Among the conscientious objectors to last Sunday’s column, were several readers who noted that if we invert the system of business regulation, so that it is done mostly at the municipal level, and only by real necessity at the provincial or higher, we will add tremendously to the costs of big business, and thereby subvert the “economies of scale” which allow them to fill our world with cheap products.
Cheap products, in turn, are not to be sneered at. Not everyone is rich, not everyone can afford first class. And when it comes to such necessities as food and clothing, the big supermarket and department chains (or more precisely, their suppliers) have done a great service to mankind. Verily: think this through. For everything that can be said against our era, for every valid criticism that can be made against the ugliness and sprawl of our material culture, we are feeding and clothing and housing in some comfort vastly more people than we ever did before; and even a higher proportion, than before, of a world population that has nearly quadrupled in the last century (while the population of Canada has sextupled).
Those who advocate change in the way we arrange our economic activities had better take that into account. Malnutrition, poor hygiene, exposure to heat and cold, make lives short and miserable. The increase not only in live births, but in longevity, had almost everything to do with the advance of “mass market capitalism,” and only a little to do with such a poster child as “modern medicine.” But the medical advances, too, we owe almost entirely to the capitalists.
And not to the regulators. Except in one important, if paradoxical respect. Simply by creating a common regulatory regime, on the large scale, governments have in effect created large free trading zones—for once you’ve met their regulations, you can sell anywhere. Big governments have thus created environments in which big businesses (with their ability to deliver economies of scale) may flourish; and drive small, traditional family businesses (the old engines of employment and private opportunity) out of the market. For the little guys can’t lobby.
The upside of this is satiation.
The downside is our bleary world of shopping malls, and big box stores, and office towers, and rush hours, and human insignificance. It is each town nearly identical with each other of the same size. And even the historical relics, of what once gave each location an identity of its own, get commoditized for the very big business of tourism.

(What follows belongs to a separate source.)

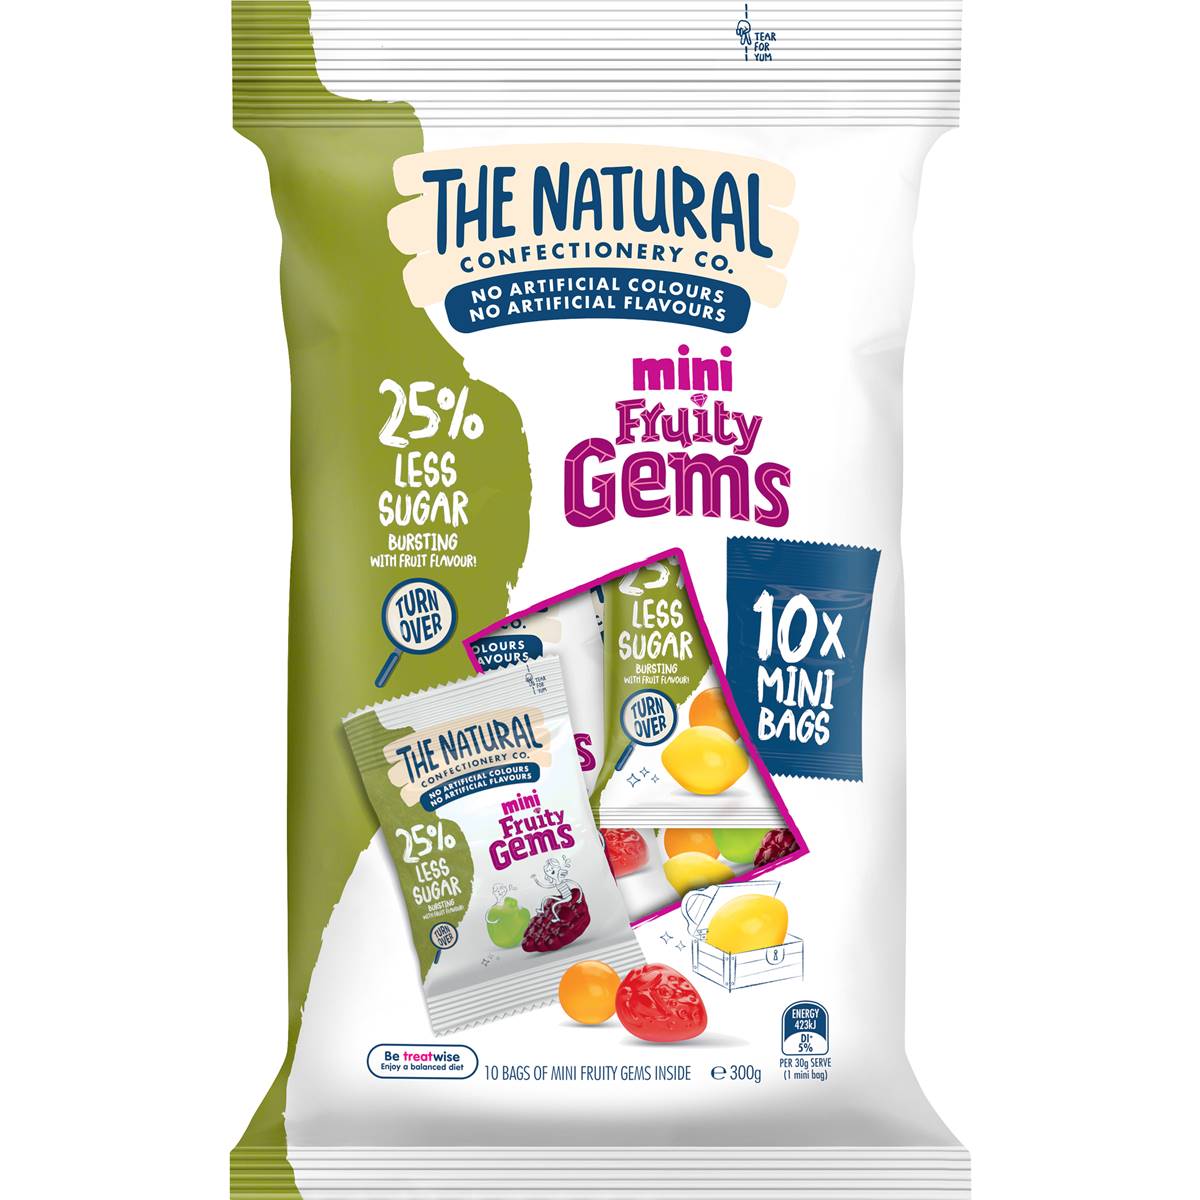 Calories in The Natural Confectionery Co. 25% Less Sugar Mini Fruity Gems Lollies

Humans must eat, bathe, and cover themselves by day and by night. But man—as even “progressives” acknowledge, when they demand government funding for “culture”—does not live by bread alone. In particular, the human creature crawling through the world, who no longer really comes from anywhere, returns by increments to the feral condition. He requires, ultimately for his own sanity, the “place” that is given by a mother and a father and a point of origin; by a religion and a language and a trade or calling; by serious friendships. Or else he degenerates into an irresponsible unit within an incomprehensible mass, and is perforce “commoditized.”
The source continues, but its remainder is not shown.